======== Data block ========

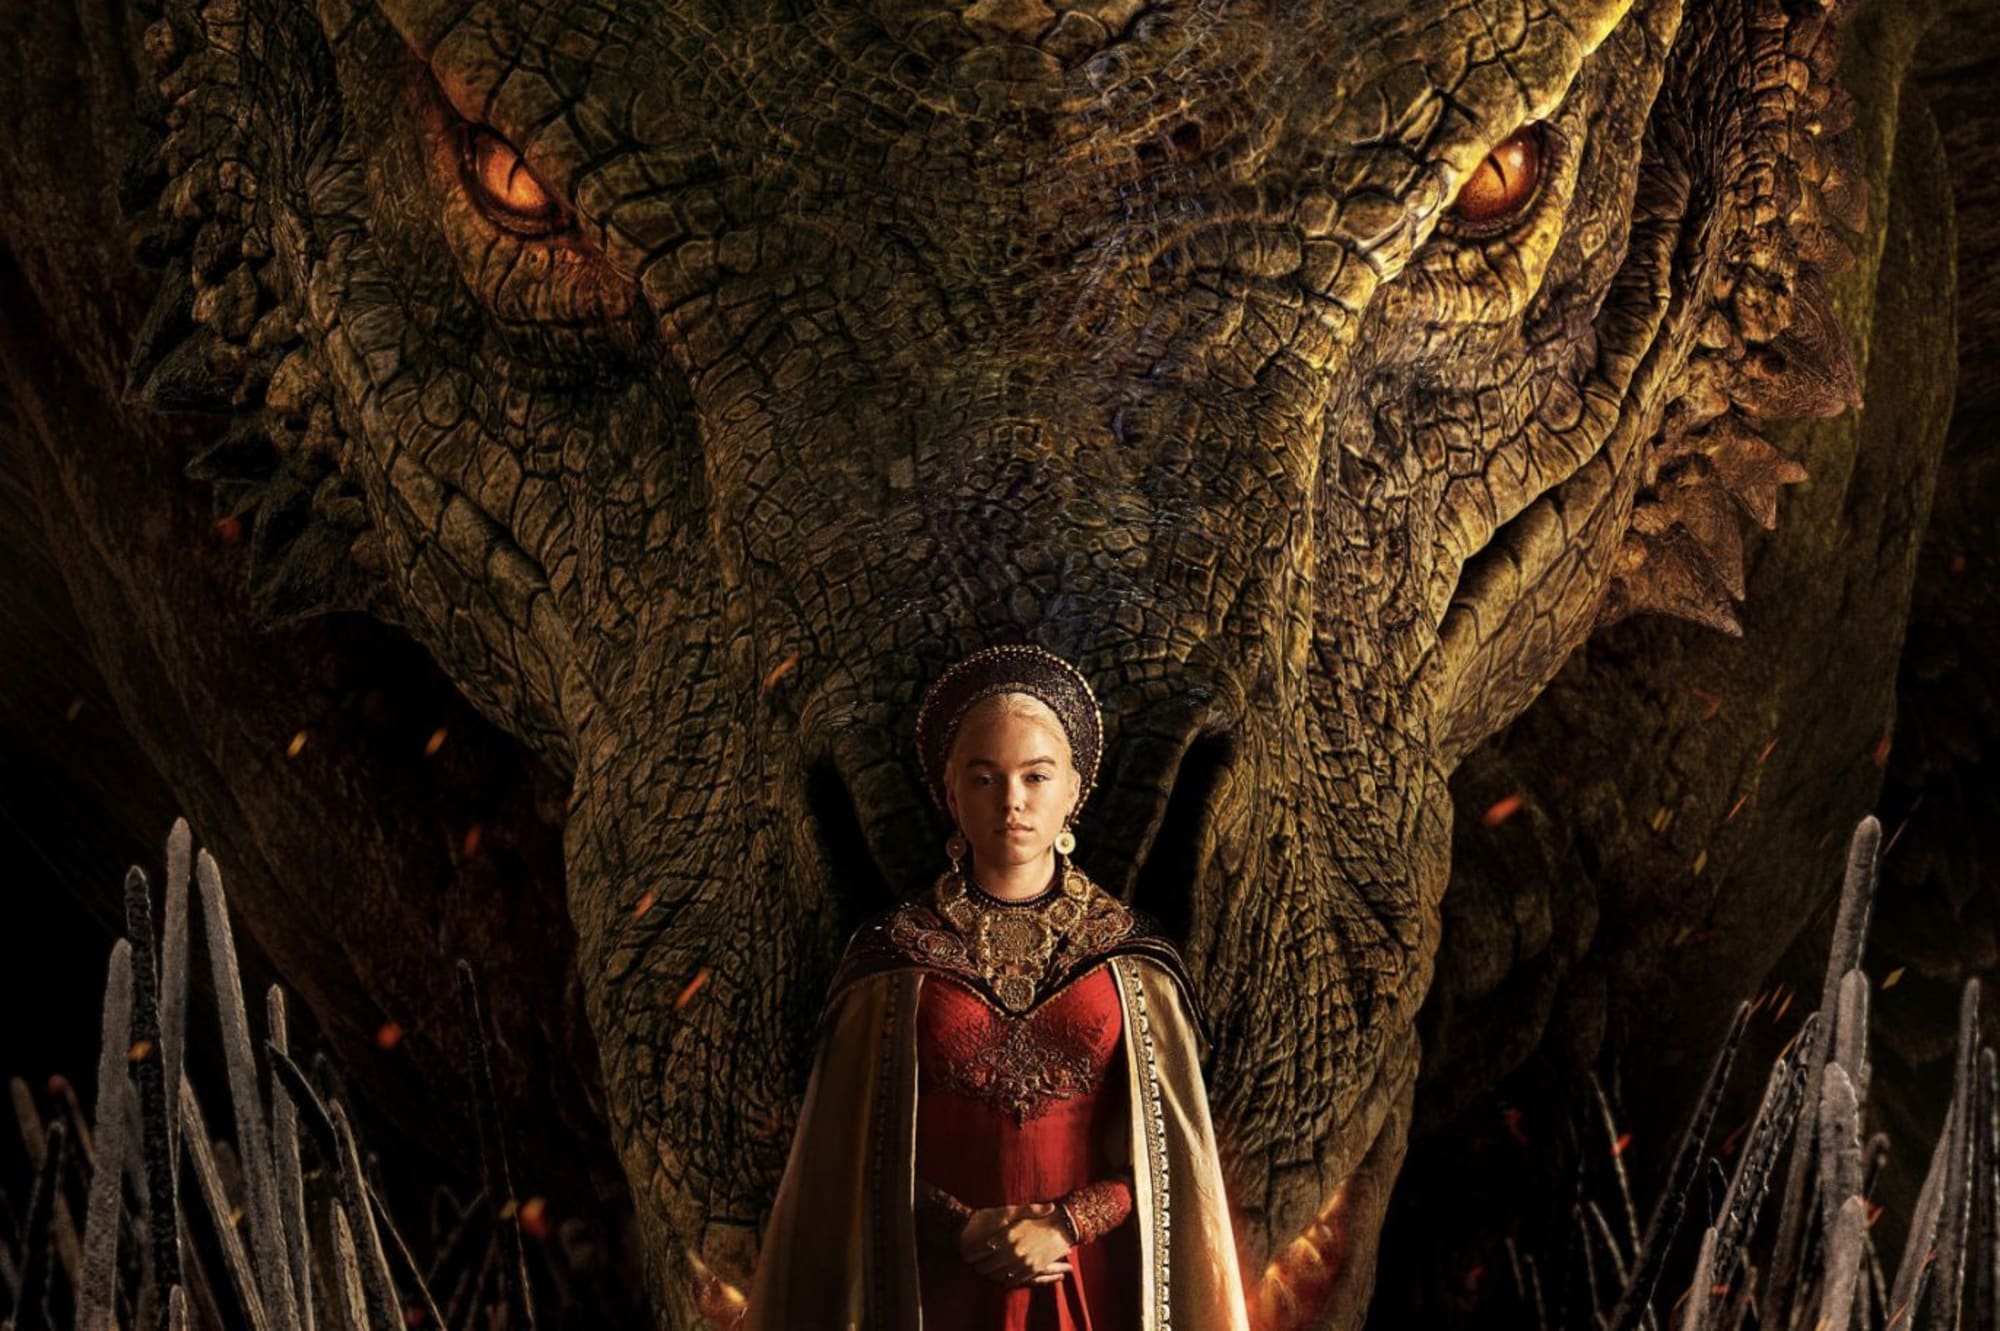 Meet the Cast of Max's 'House of the Dragon' - PureWow
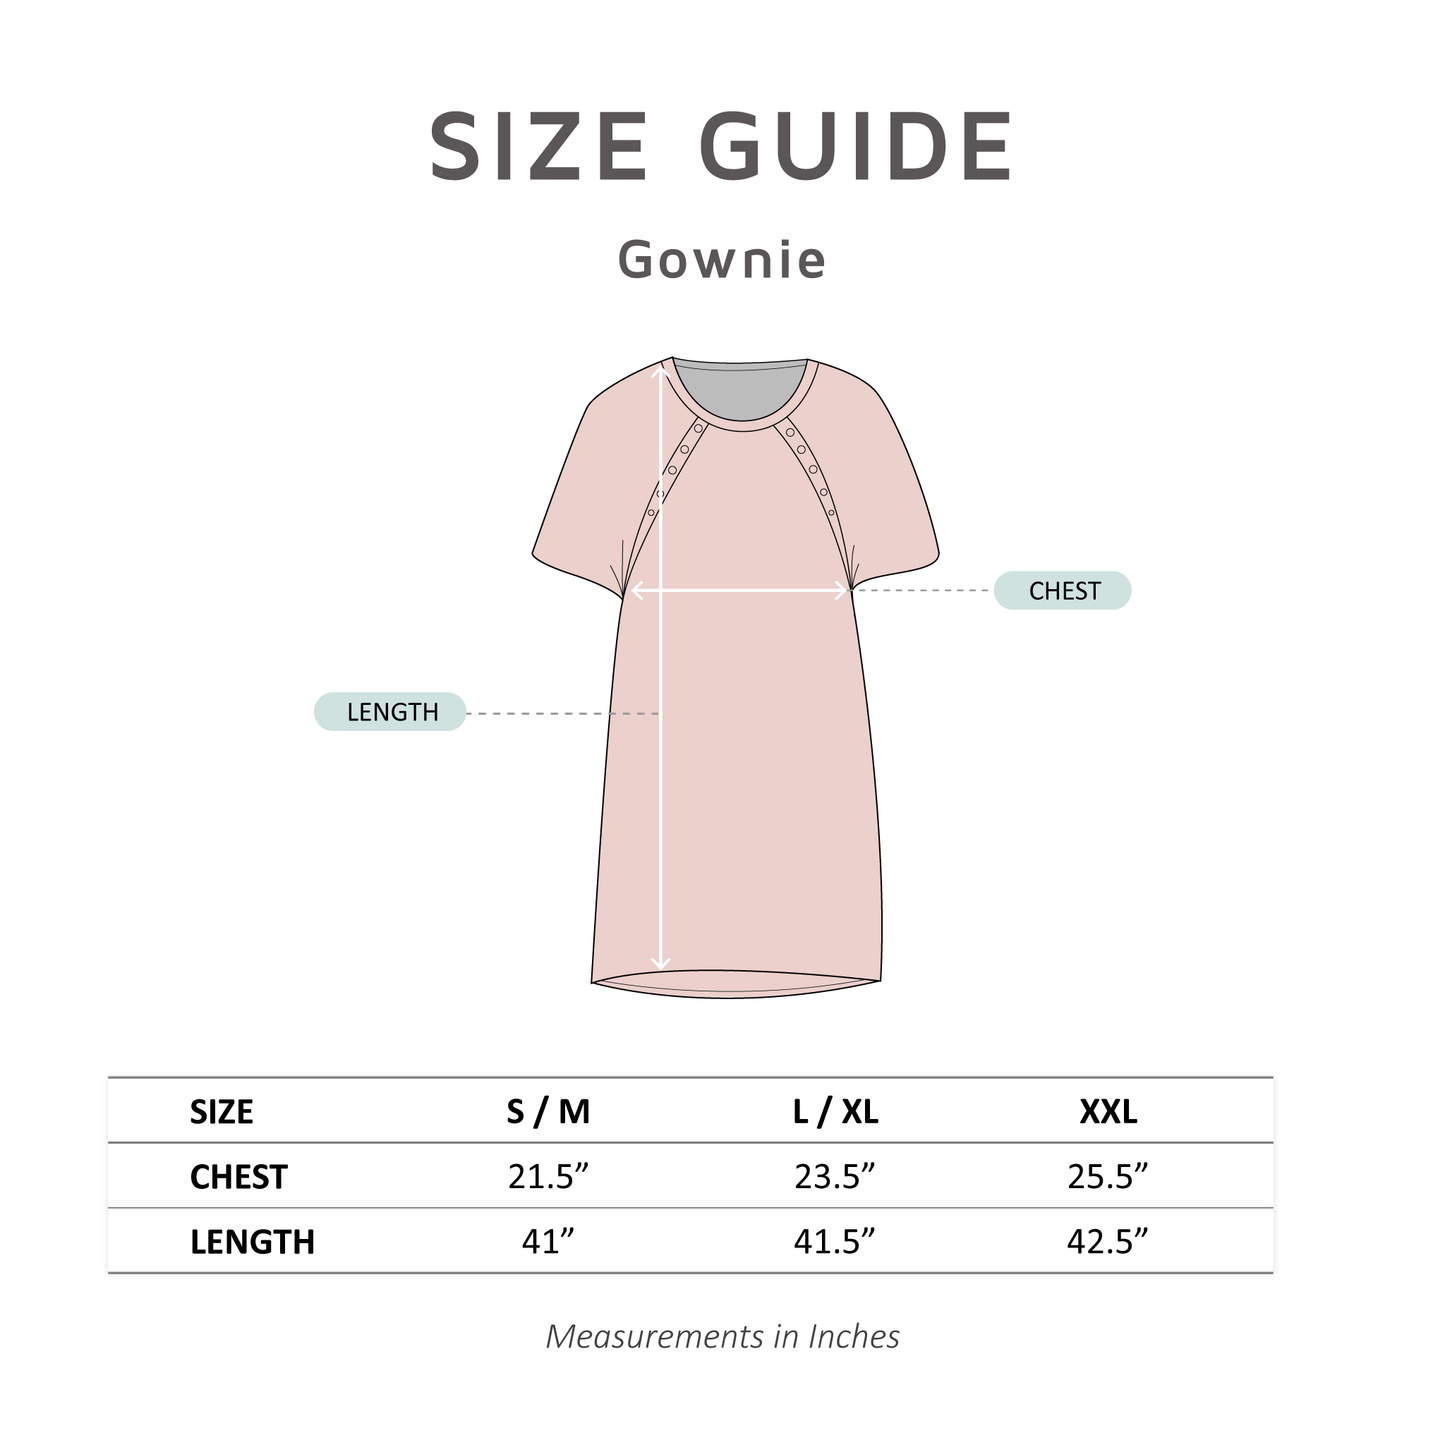 Serra Maternity Delivery Gownie
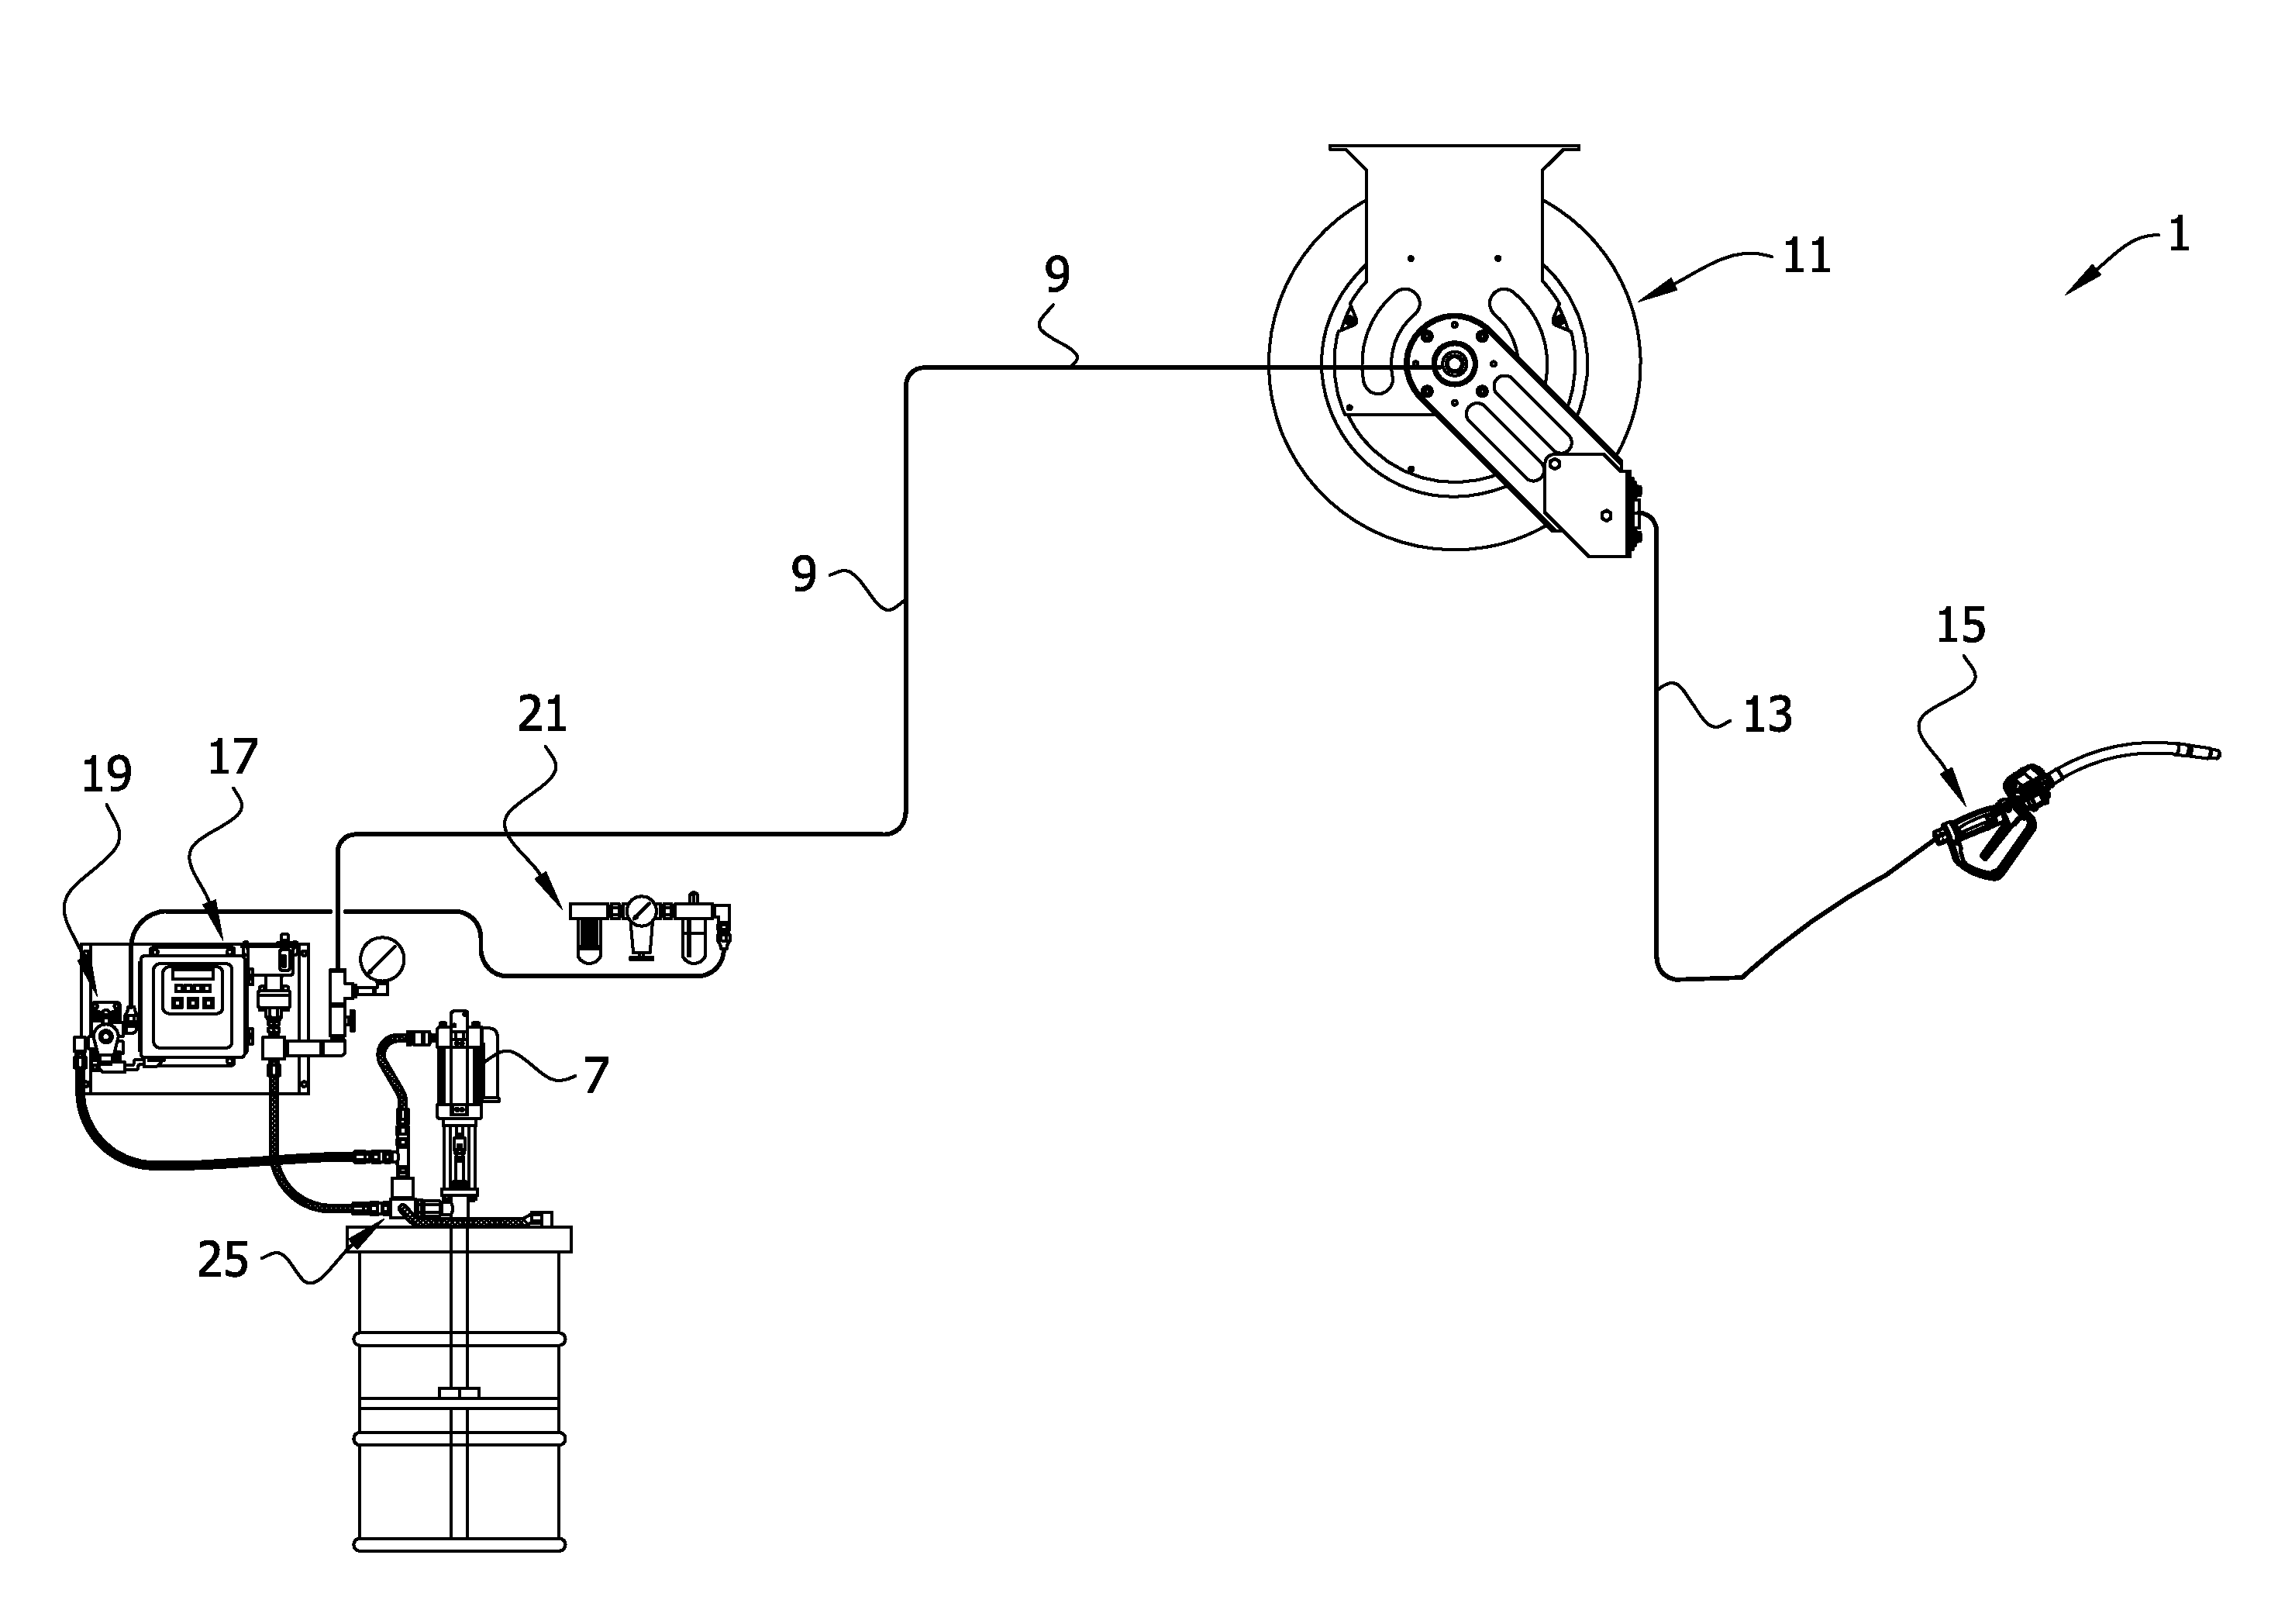 Method and Apparatus for Measuring Apparent Viscosity of a Non-Newtonian Fluid
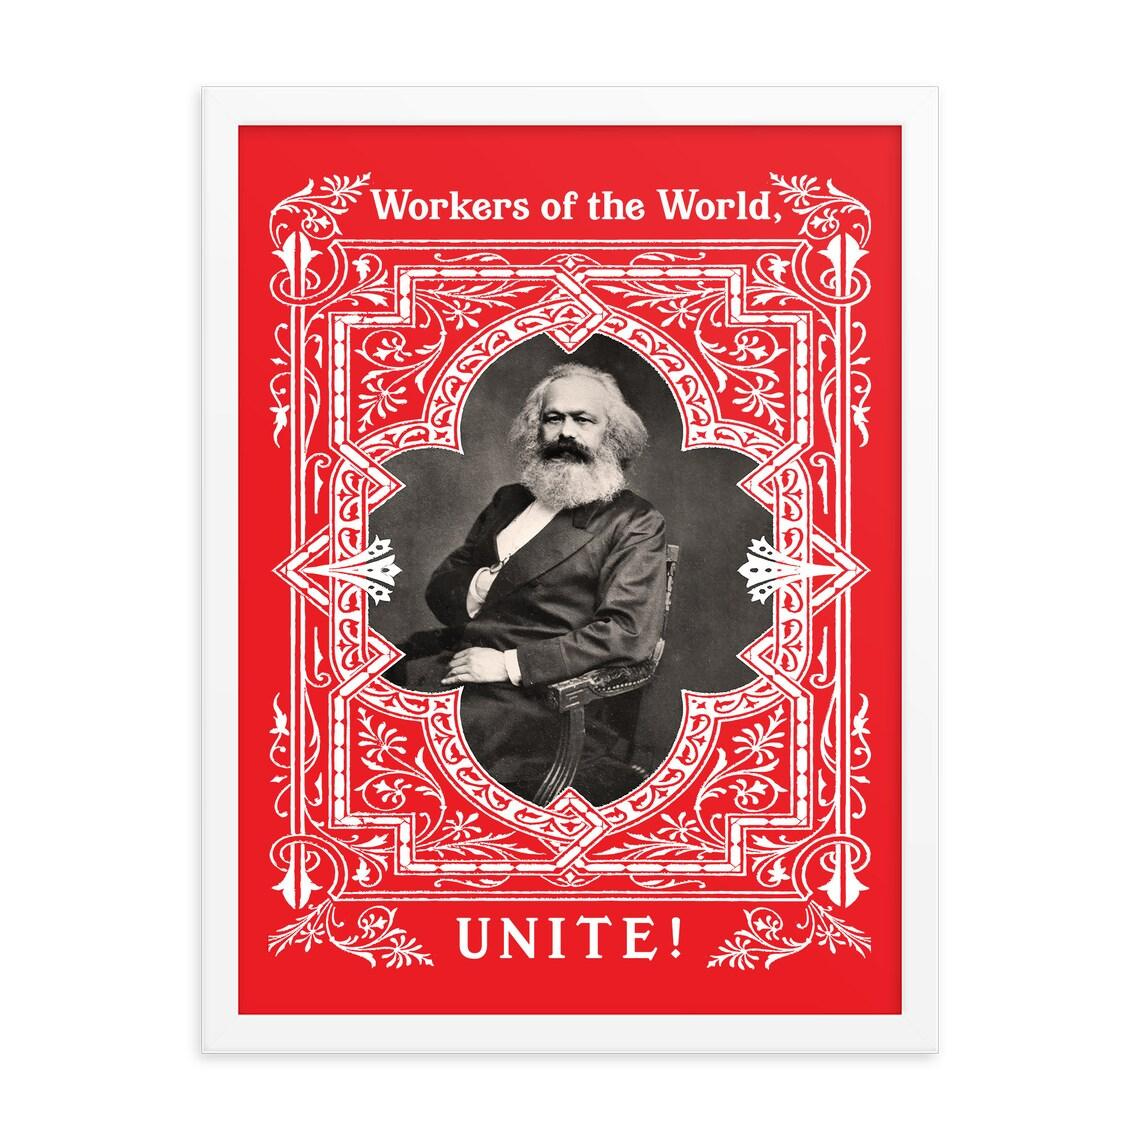 May be a graphic of 1 person and text that says 'Workers of the World, UNITE!'

========

Required work -
Write the material out again exactly. Do not include the pictures.

Exercise result -
 Meet the Cast of Max's 'House of the Dragon' - PureWow
 Serra Maternity Delivery Gownie
 Method and Apparatus for Measuring Apparent Viscosity of a Non-Newtonian Fluid
 May be a graphic of 1 person and text that says 'Workers of the World, UNITE!'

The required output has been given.